The reason I've asked for this is specifically because I've seen NOC
personnel spend many cycles investigating an issue not realizing that
particular hidden apply-group config was affecting their investigation.

I have a couple other semi-related (to automation / configuration
enhancement) ER's going if folks are interested and would like to chat
about those directly.
Post by Antti Ristimäki
Post by Antti Ristimäki
Another option is to apply the auto-generated configuration via
apply-groups and apply all manual configurations explicitly so that the
automatic and manual configurations merge with each other. The positive
side of this approach is that it makes easy to develop the automation tools
so that manual configs are not overridden by auto-generated config, but I
personally see somewhat inconvenient that one really doesn't see the
effective running-config when using apply-groups, unless one remembers to
display inheritance.
We’ve implemented this at a network I support, seems to be going well. We
approach it slightly differently though, in a way which may help solve your
usability problem, in a bit of a roundabout way. In short, we build groups
in to almost everything so people are used to doing display inheritance if
they need to look deeper at things.

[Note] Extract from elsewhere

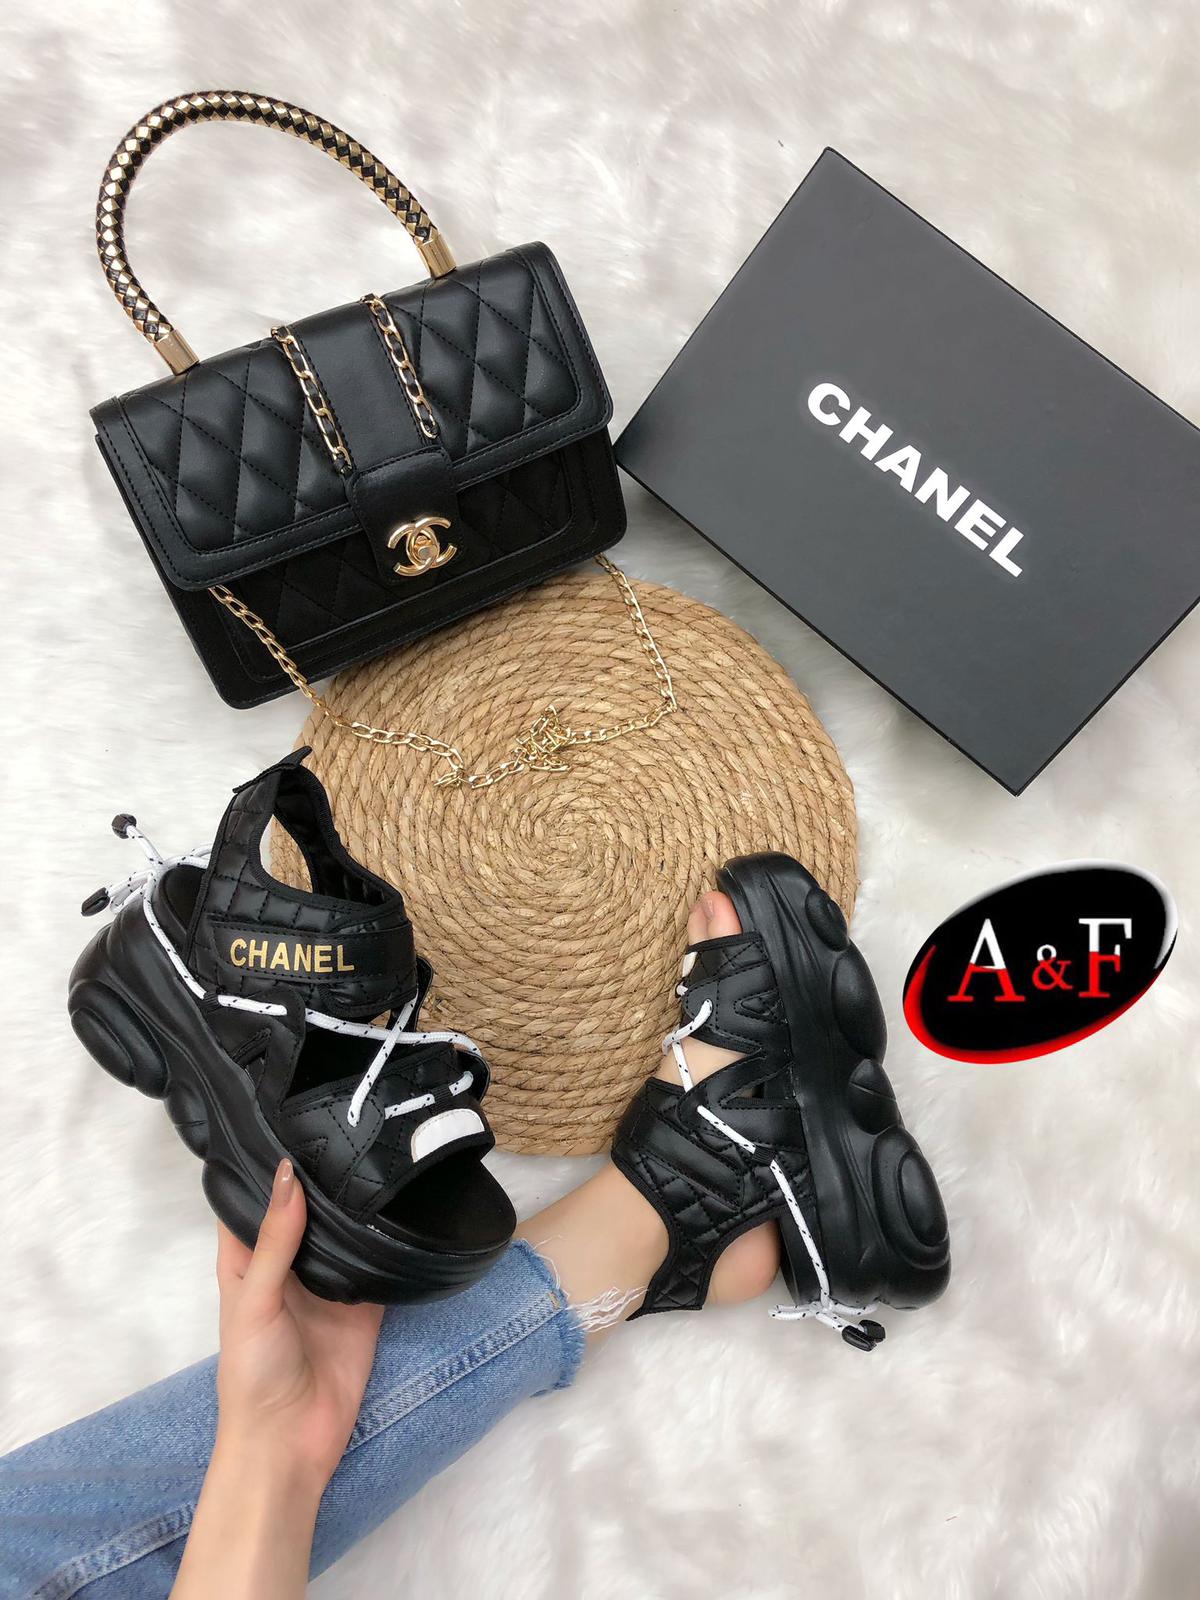 Chanel Bag and Sandals Set AFS

It’s not perfect, but it’s the best way
I’ve found to manage large bits of JunOS config.
Global* - common on every router they exist on, applied at top level only
Local* - unique to this router, applied at any level
* - common on every router they exist on, applied at any level
All our groups have apply-flags omit;
Local* groups are only used when something is re-used several times on the
one router - for example on our BNGs, a list of DHCP interfaces in each of
the routing-instances we might push a subscriber in to.
- GlobalDualREMX sets up whatever our standard things are for an MX with
2 REs, applied at top level.
- “MPLS" is applied at `interfaces blah` and `protocols rsvp interface
blah`, etc and includes our per-interface MPLS config.
- VRFCustomers includes our import/export policies for our Customers VRF
(applied inside a routing-instance), and the loopback filter config for the
Customers VRF loopback (applied inside an interface).
The only config that’s outside groups is config unique to that router -
so, IP addressing, routing-instance names and RDs, interfaces (though they
have apply-groups within them for many settings), hostname, etc.
1) Config is short because of apply-flags omit. Seeing things unique to
this router is easy. It’s easy to spot differences as apply-groups are
different - and that’s all you generally need to look for. I just looked,
our BNGs are all about 500 lines of config, and all have identical group
config on them. Most of the config is rsvp-te tunnels, and access network
interfaces.
2) When we want to look deeper, we know to do `| display inheritance |
except #` and it becomes muscle memory - this really is the bit that helps
your use case, haha.
3) We can copy our groups from a git repository, load replace (in our git
reply they all have replace tags) and commit. Keeping the common config
consistent is super easy. Automating this is one “leg” of automation and
solves almost all of our automation requirements.
4) We can do bespoke mucking about outside the groups, and it’s obvious
what those things are, and what things need to be tidied up in to groups,
or what is junk temp config that needs to be thrown out.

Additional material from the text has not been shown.